* **EXERCISE REQUIREMENTS**
Write the listing out again word for word, skipping each picture.

* **AVAILABLE DATA**
········
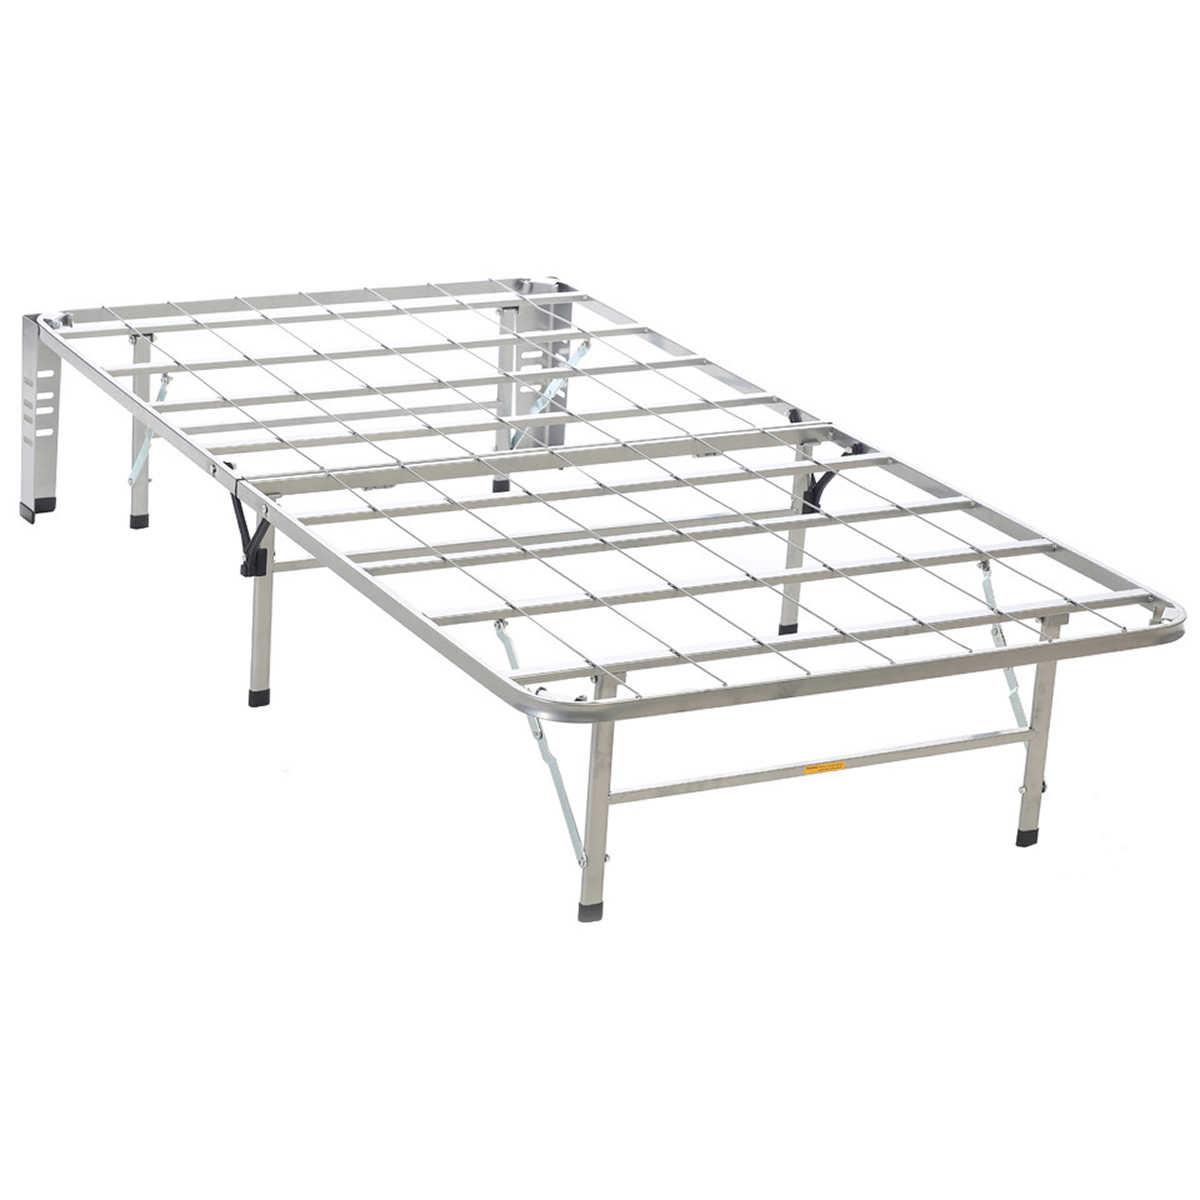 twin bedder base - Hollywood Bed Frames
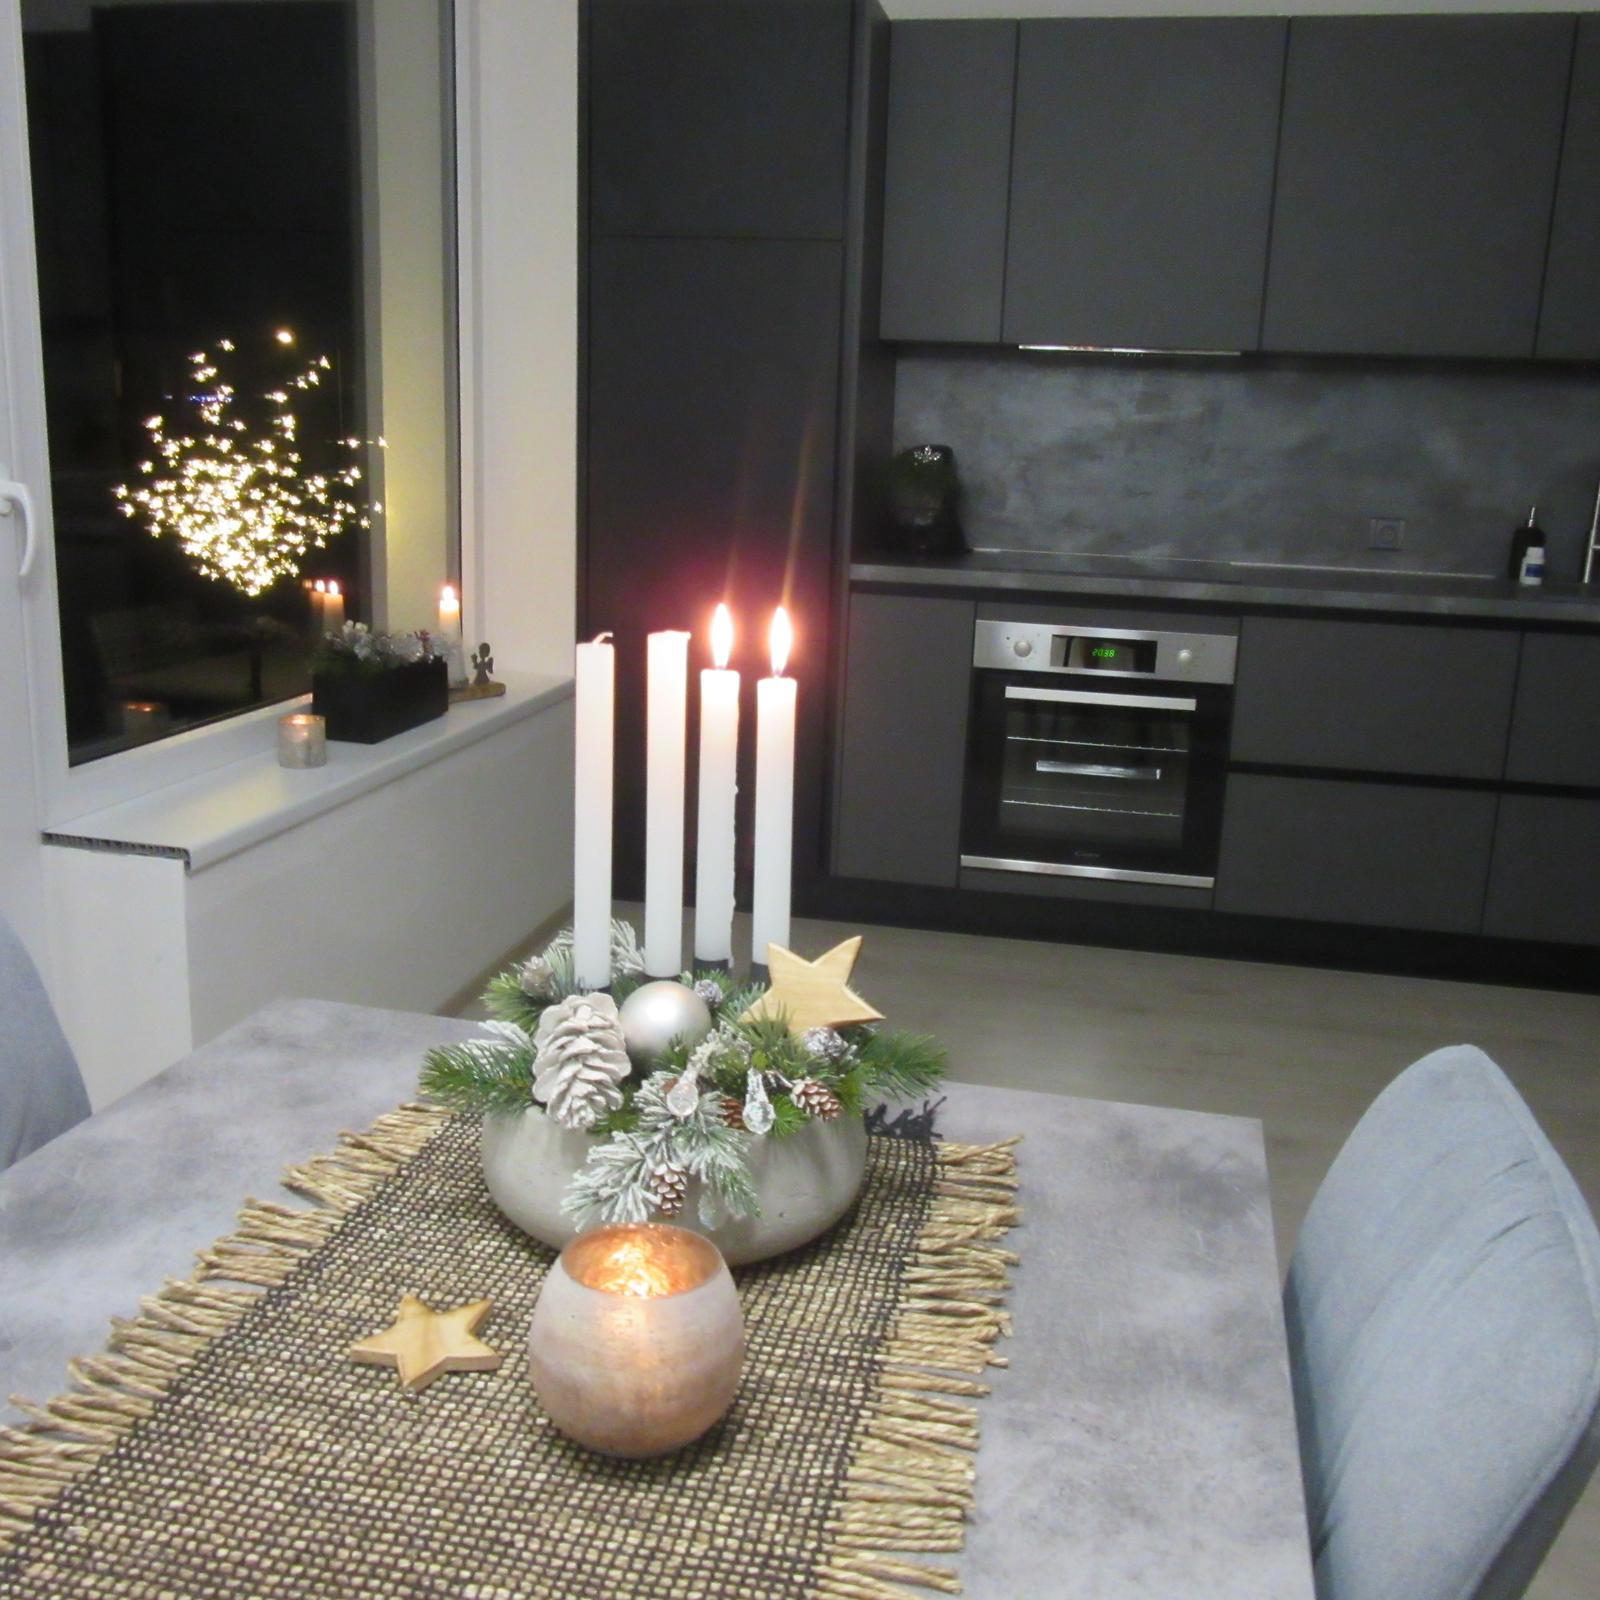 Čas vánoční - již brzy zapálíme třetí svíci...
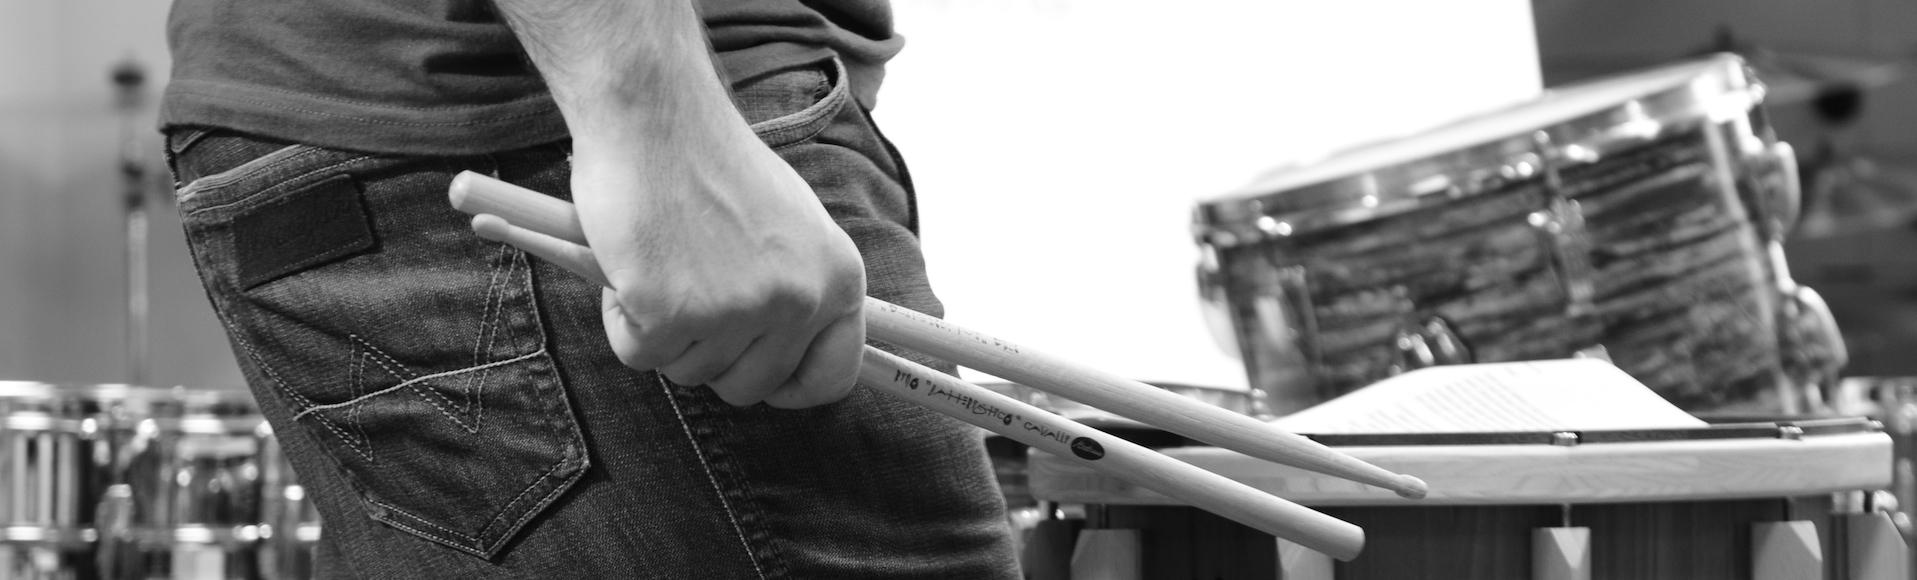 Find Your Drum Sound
········
* **ANSWER TO THIS TASK**
 twin bedder base - Hollywood Bed Frames
 Čas vánoční - již brzy zapálíme třetí svíci...
 Find Your Drum Sound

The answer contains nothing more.